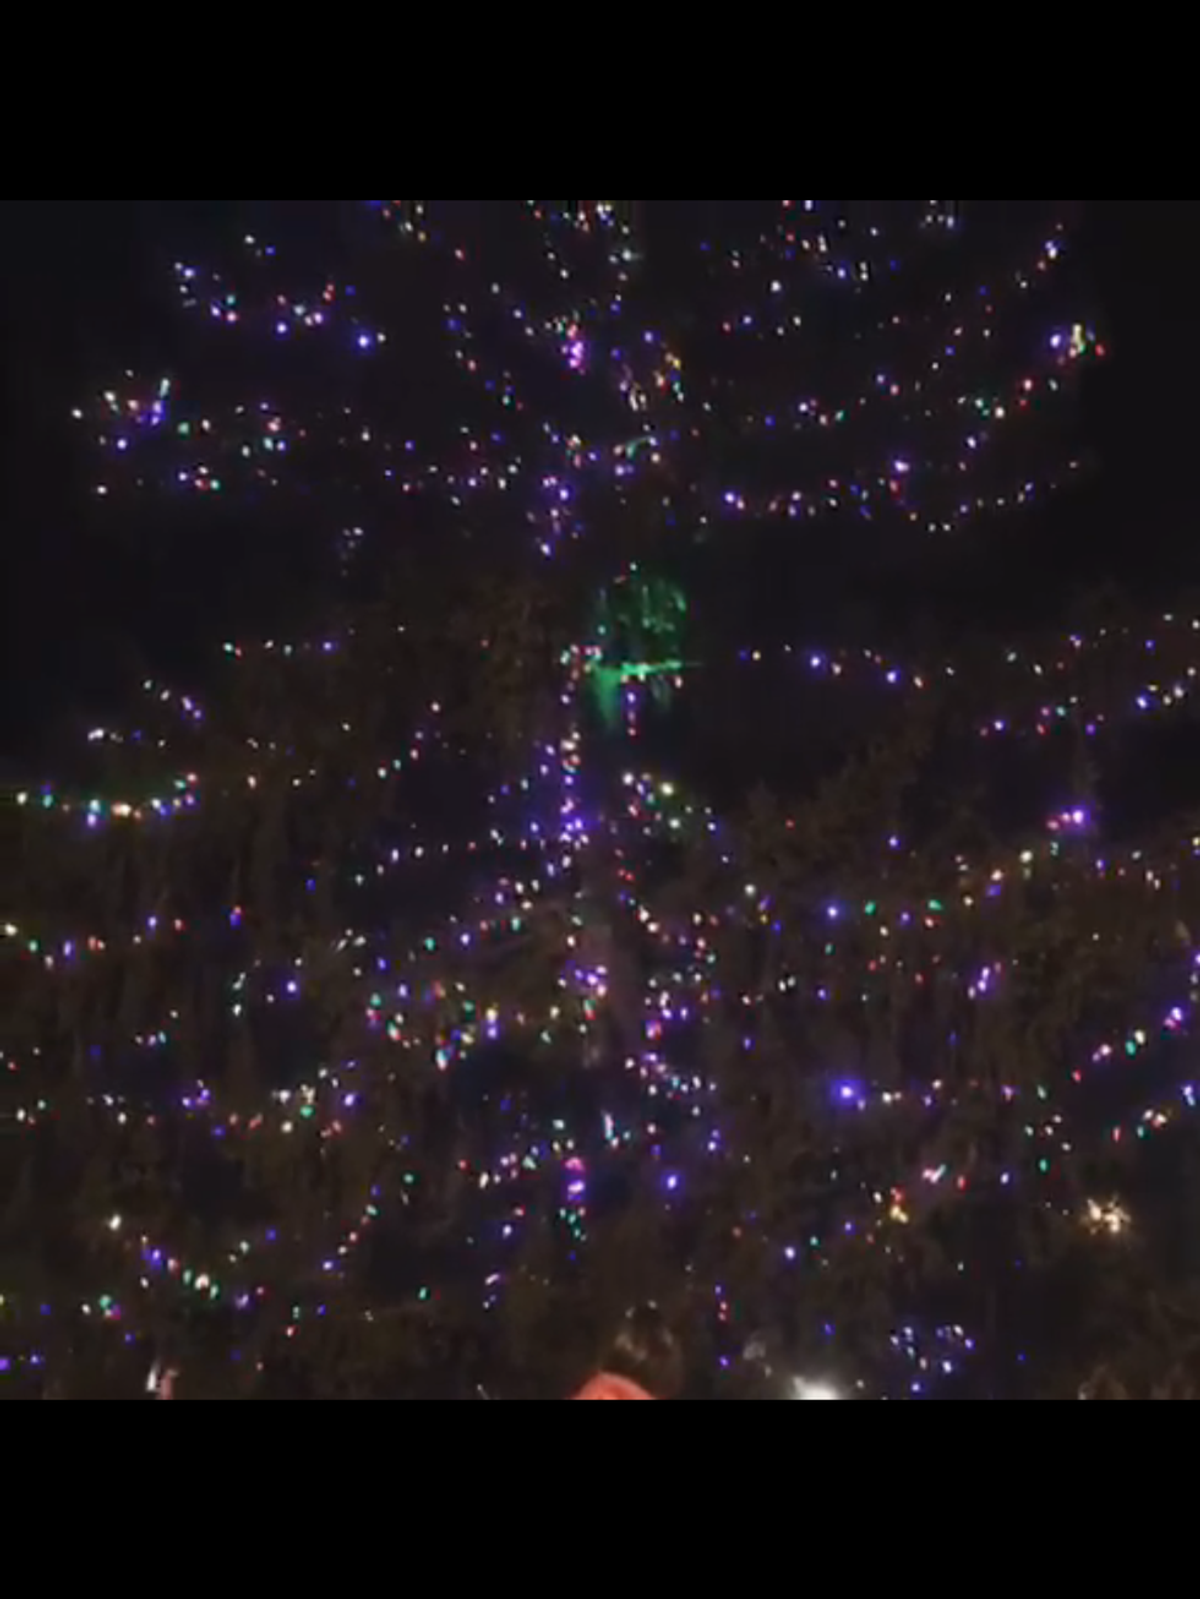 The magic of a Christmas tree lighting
...
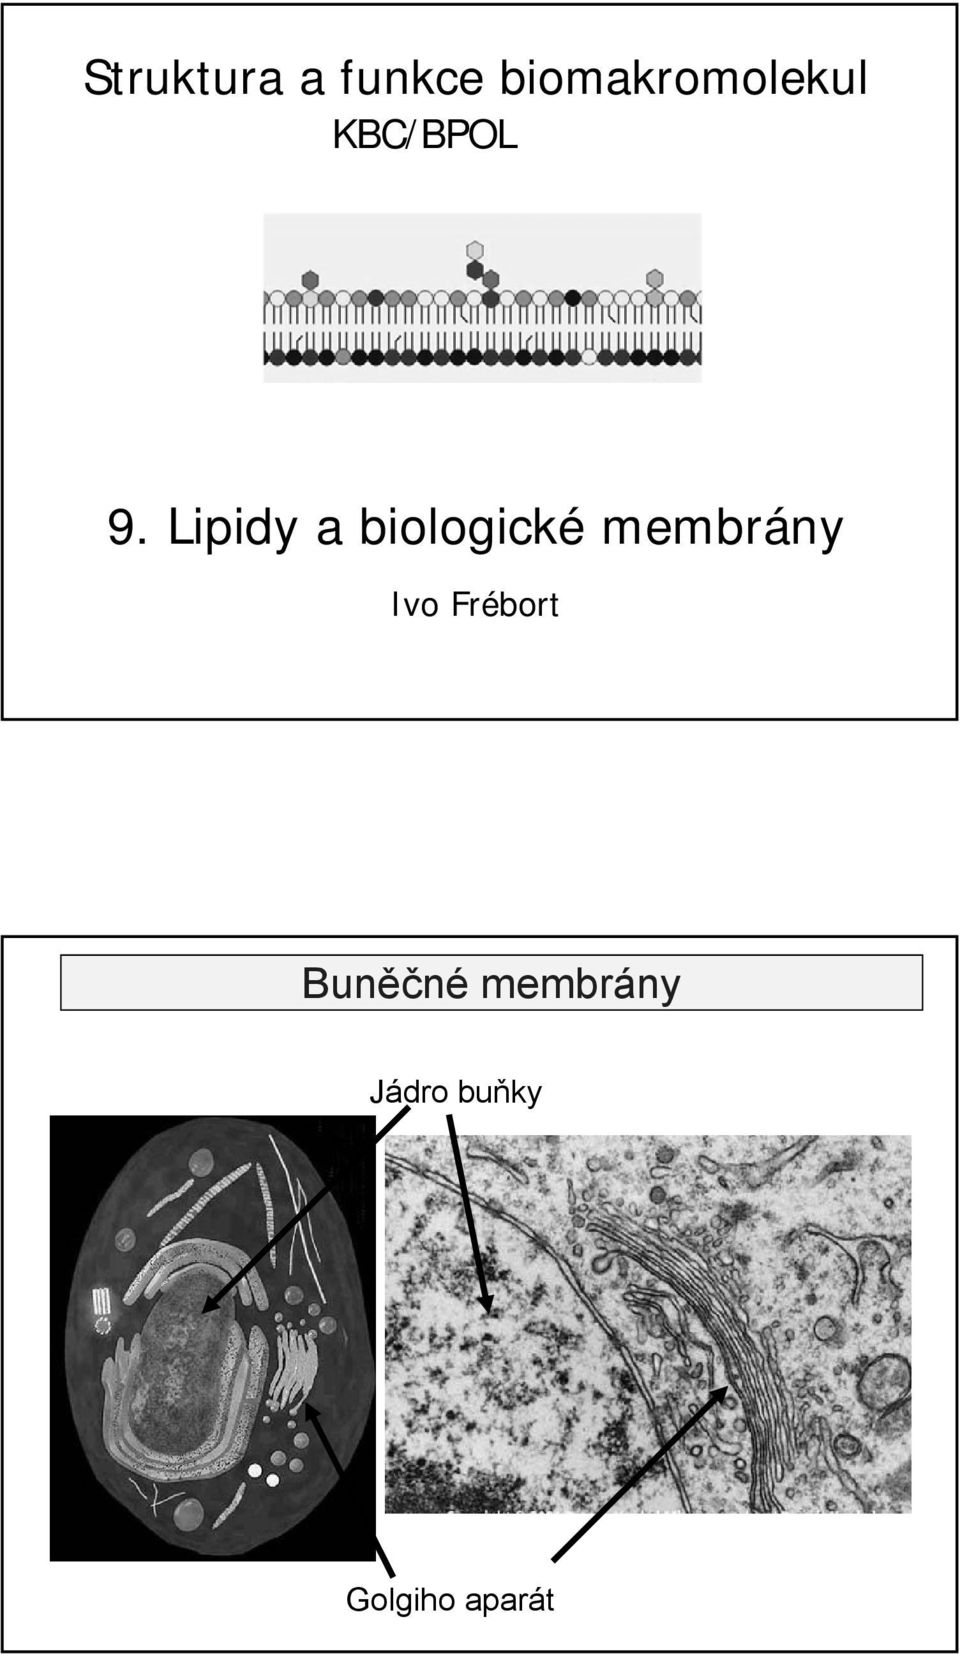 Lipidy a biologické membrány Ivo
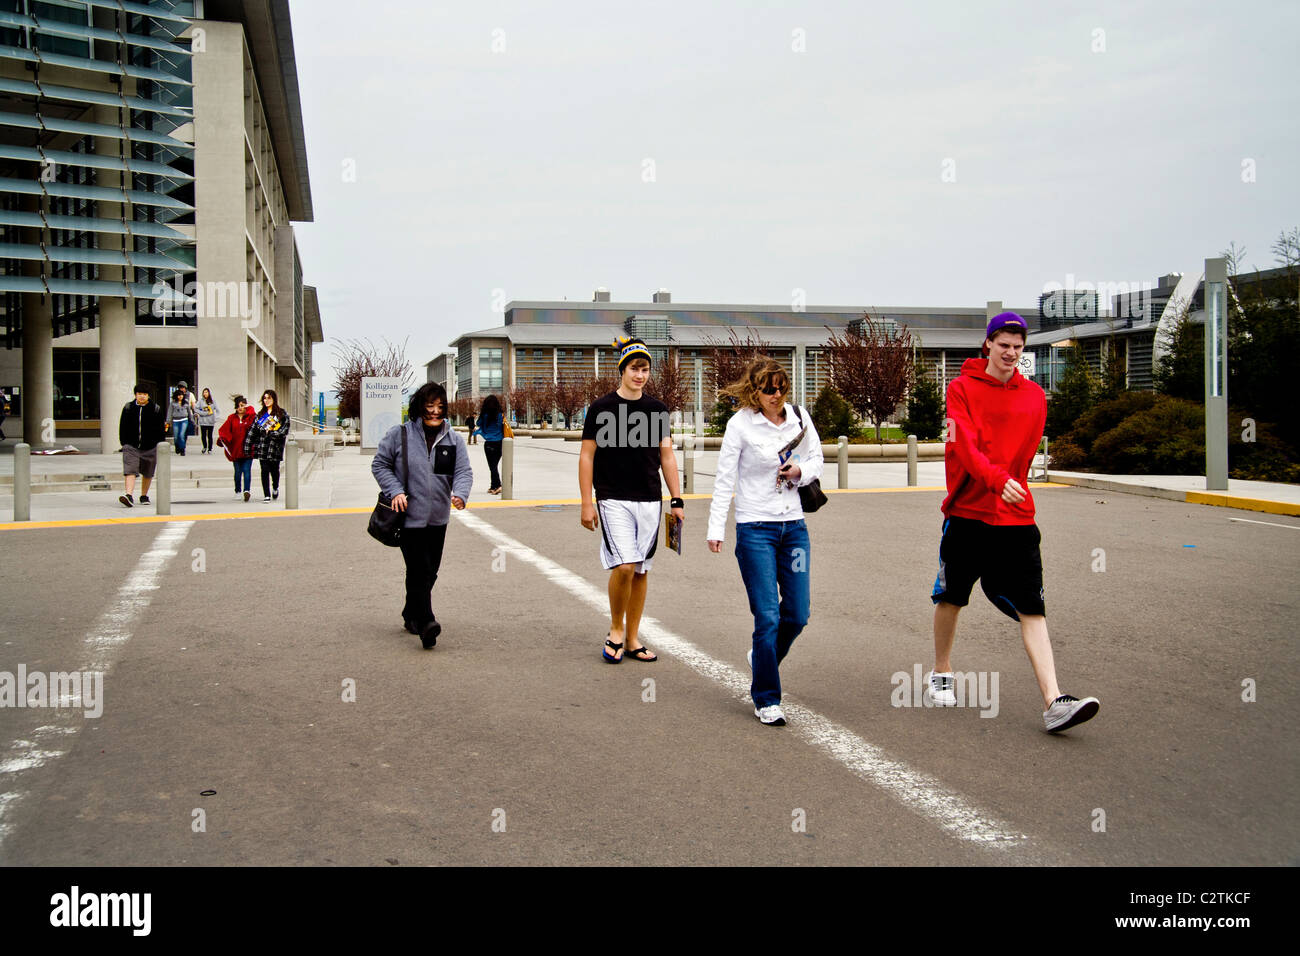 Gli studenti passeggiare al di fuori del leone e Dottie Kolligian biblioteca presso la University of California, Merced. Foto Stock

= EXERCISE INSTRUCTIONS =
Between and including the line above that contains "Lipidy a biologické membrány Ivo" and the line that contains "Gli studenti passeggiare", restate every line word for word. Pictures stay out.

= FINISHED EXERCISE =
 Lipidy a biologické membrány Ivo
 Gli studenti passeggiare al di fuori del leone e Dottie Kolligian biblioteca presso la University of California, Merced. Foto Stock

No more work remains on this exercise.